- _WHAT YOU WILL DO_
Starting at the line that contains "Black Jack Images", output each line exactly as written through the end of the listing below, but leave out the pictures.

- _DATA SHOWN_
- Opening Delimiter -

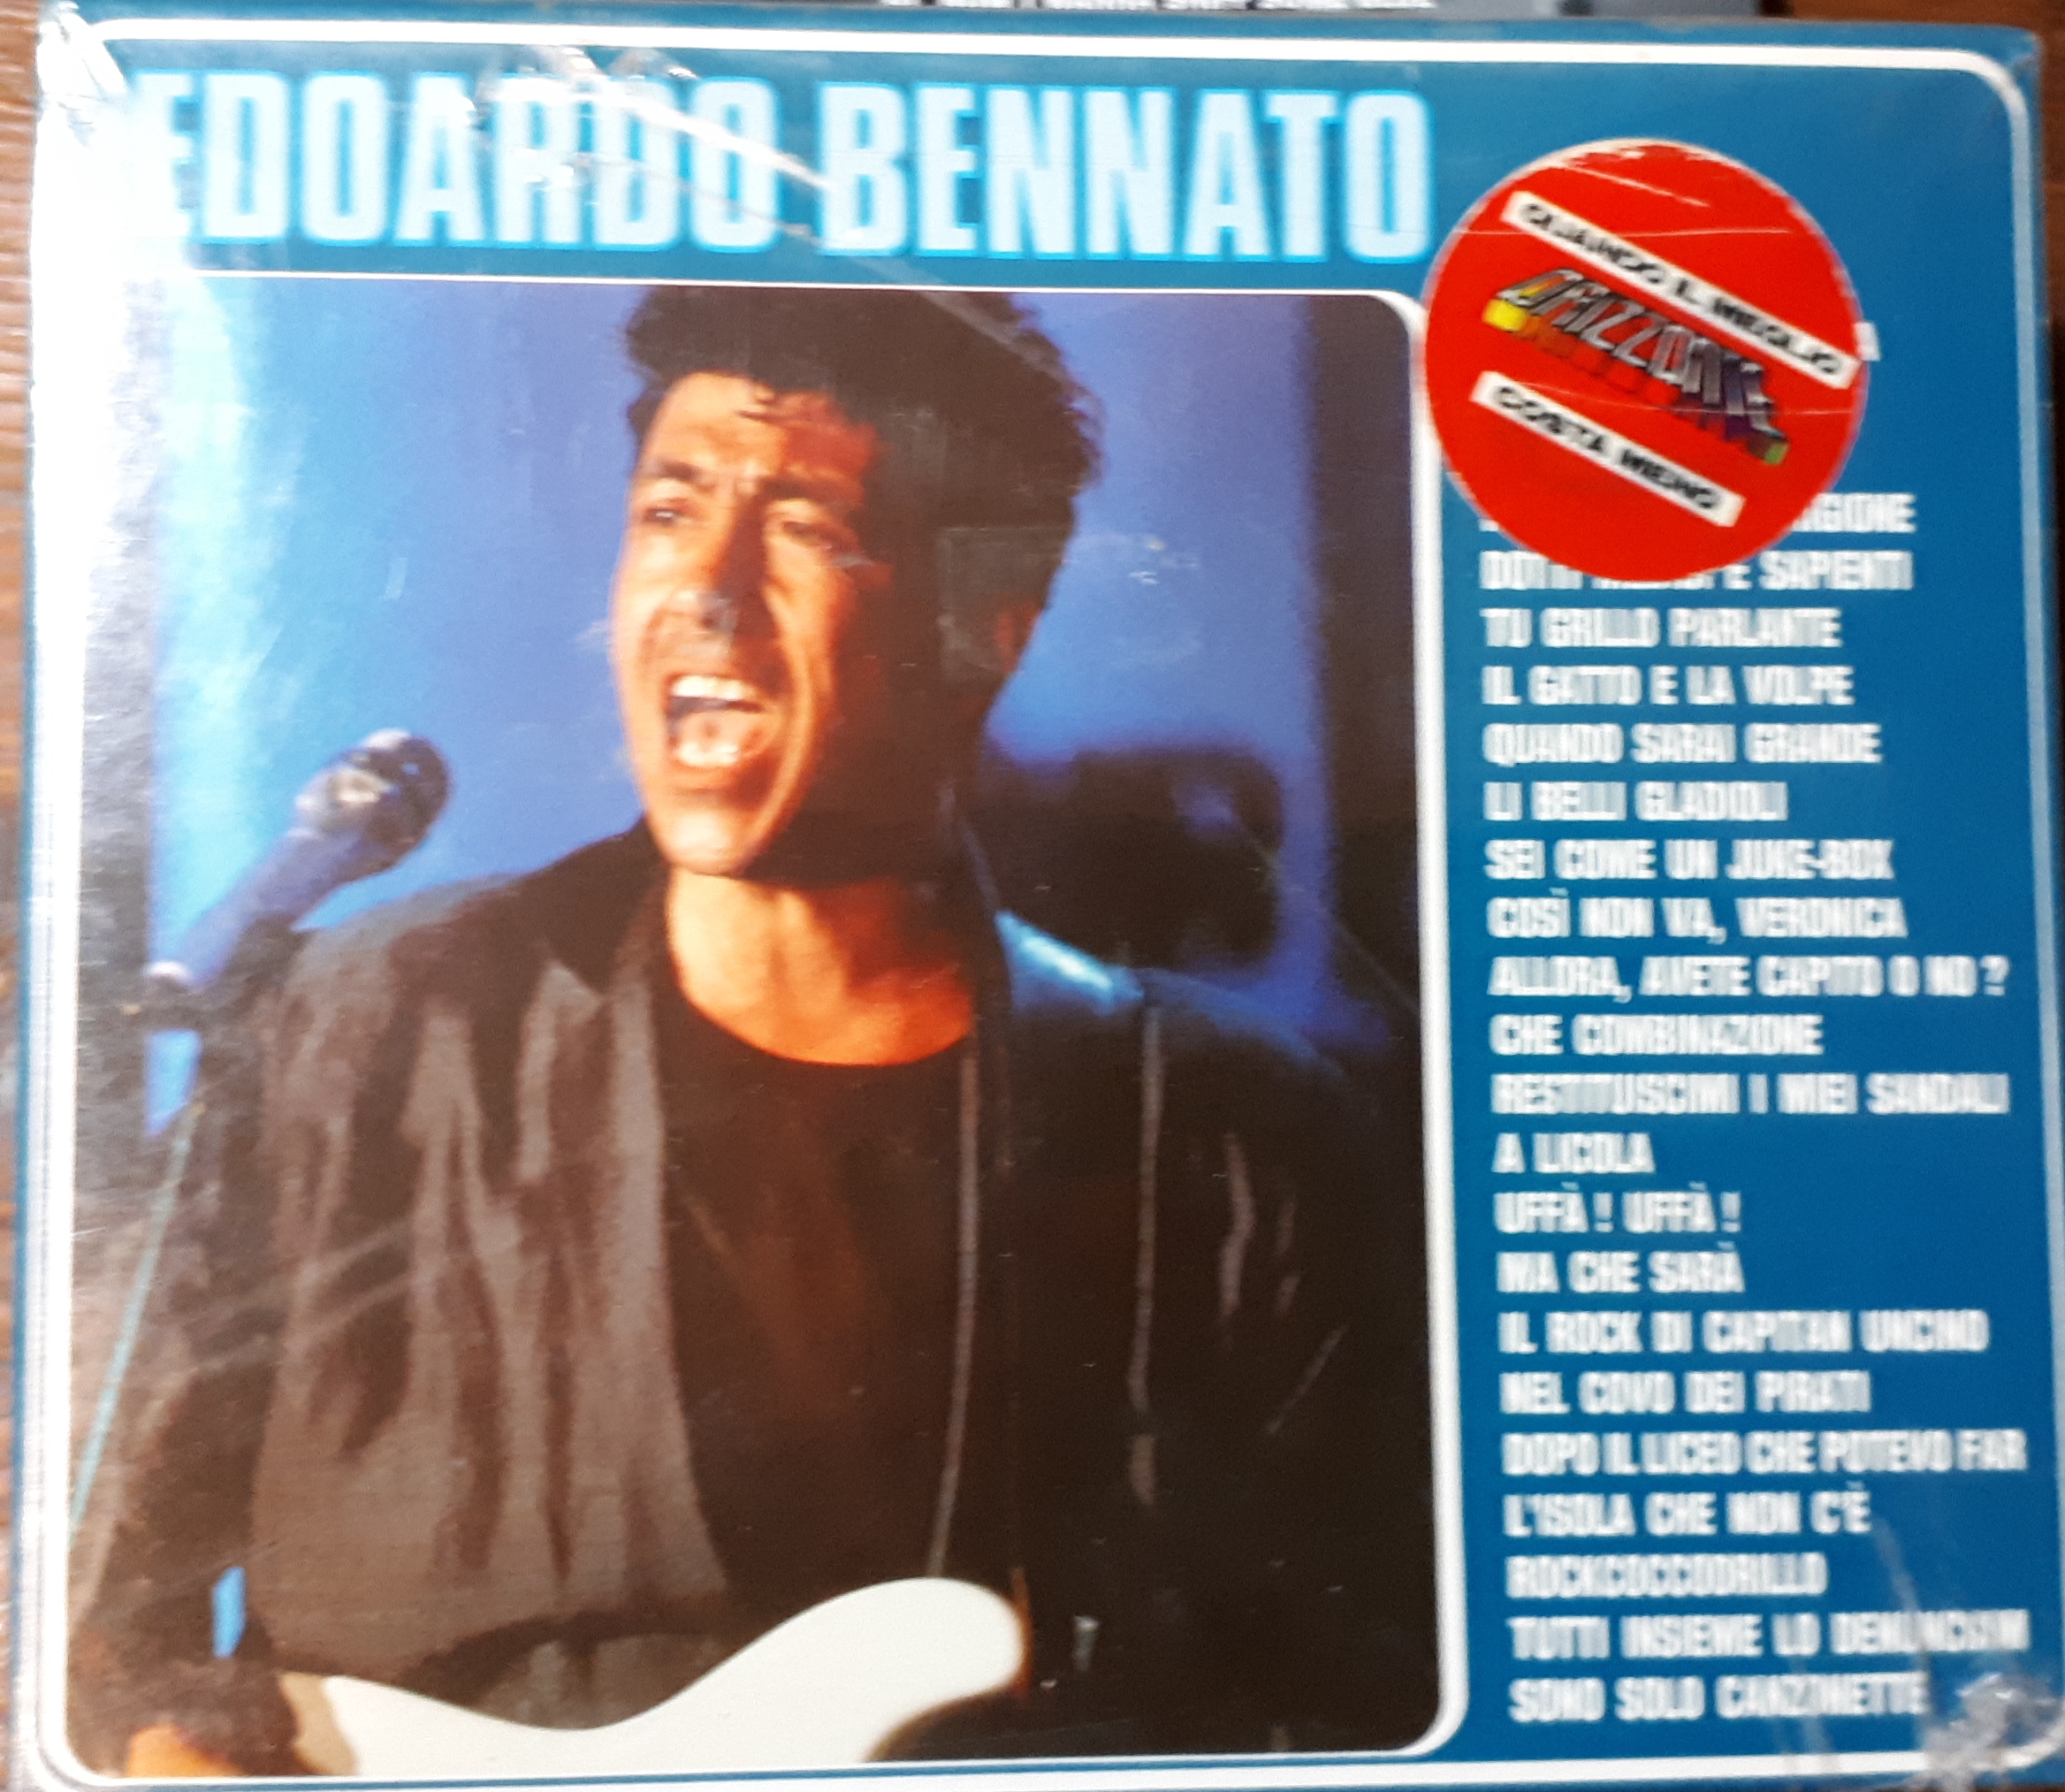 Edoardo bennato - Edoardo Bennato 3 cd
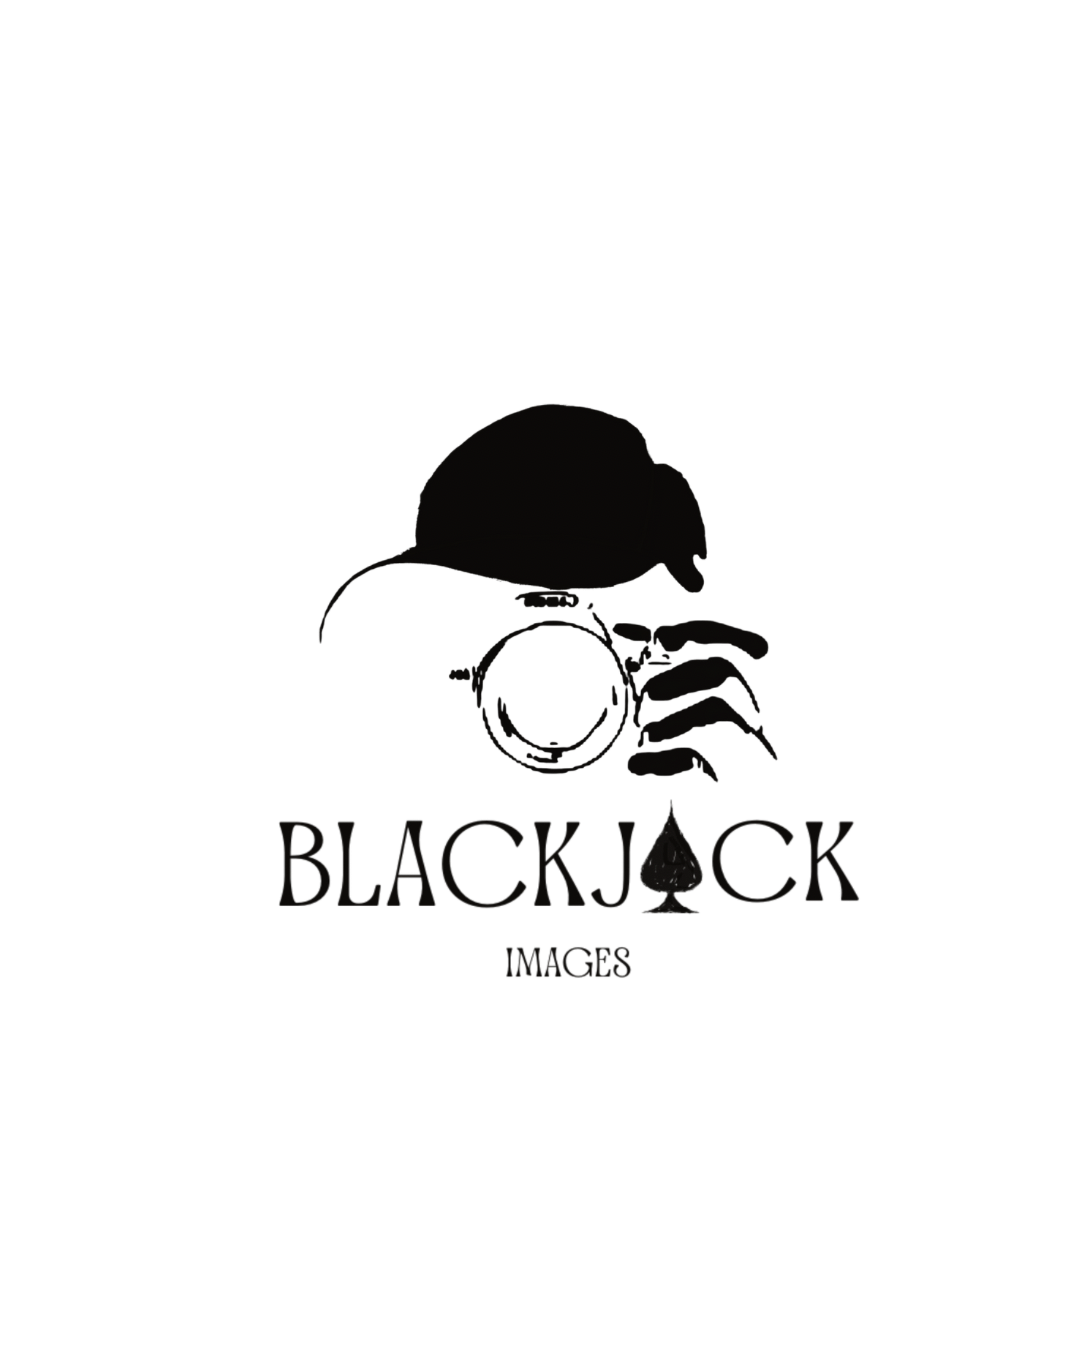 Black Jack Images
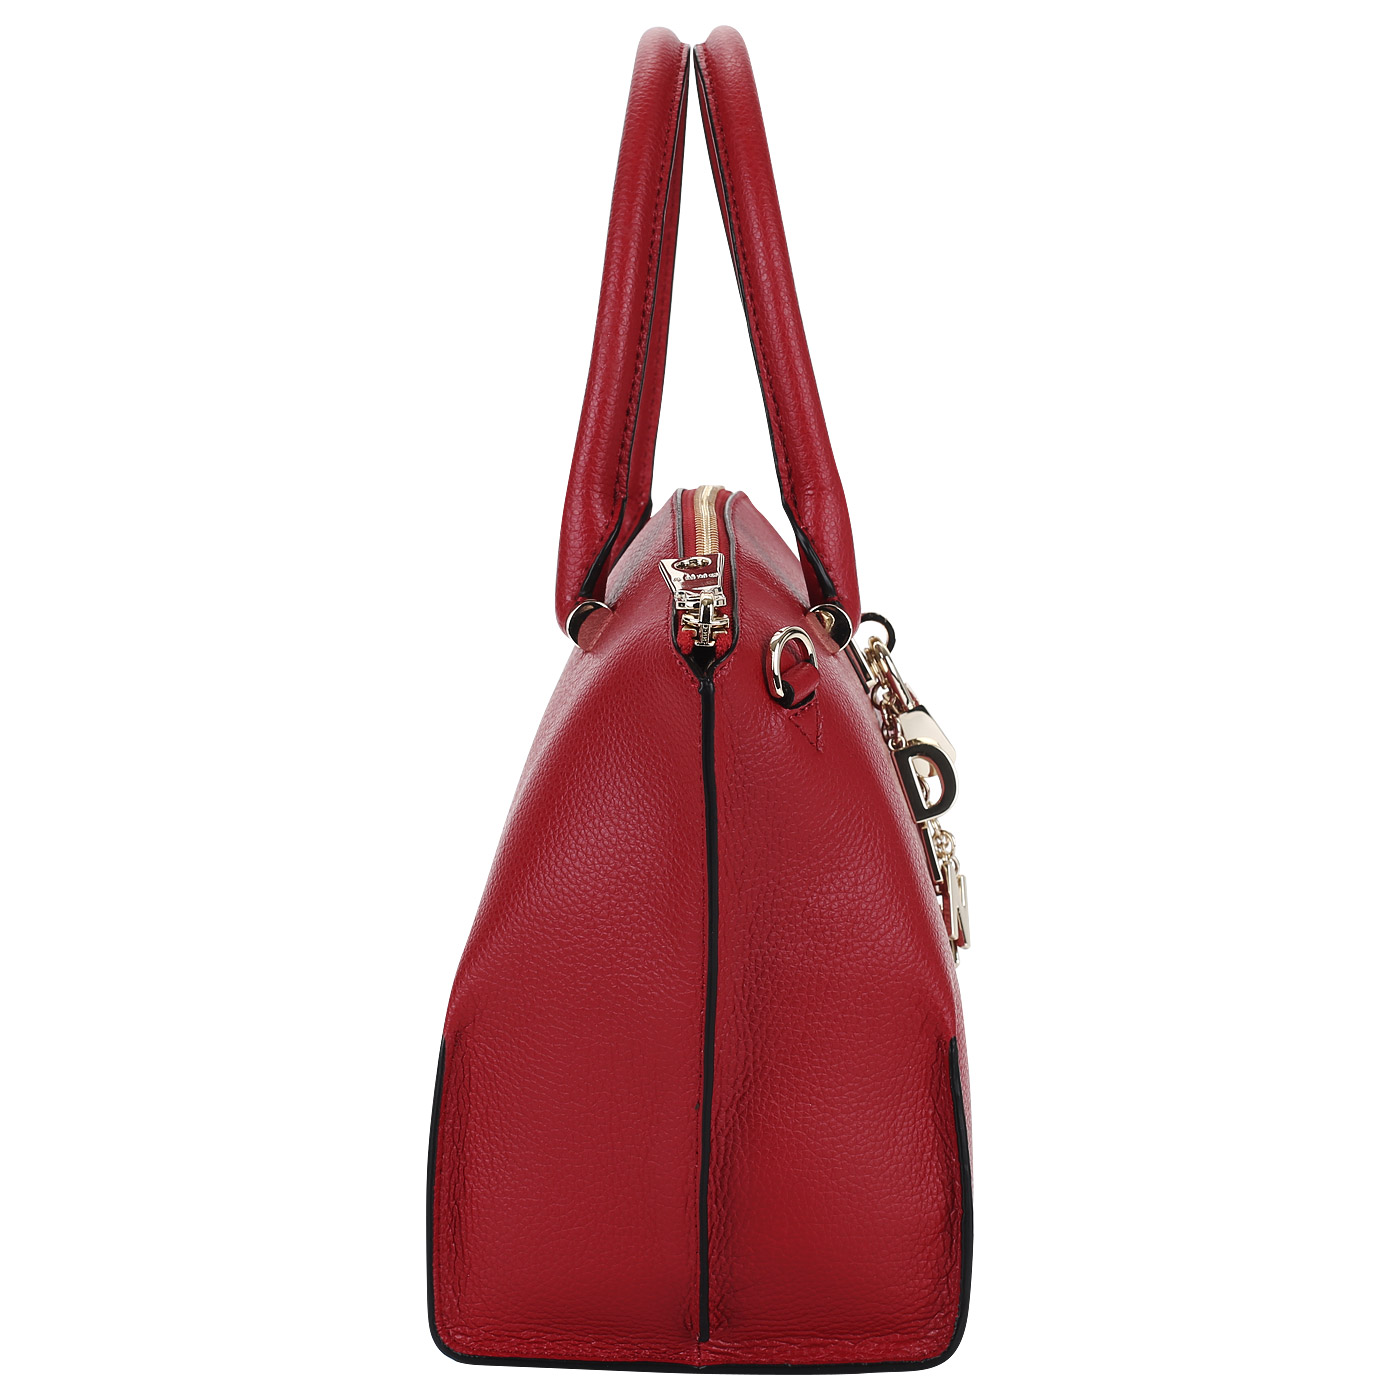 Красная кожаная сумка DKNY Elissa

- Closing Delimiter -

- _COMPLETED TASK_
 Black Jack Images
 Красная кожаная сумка DKNY Elissa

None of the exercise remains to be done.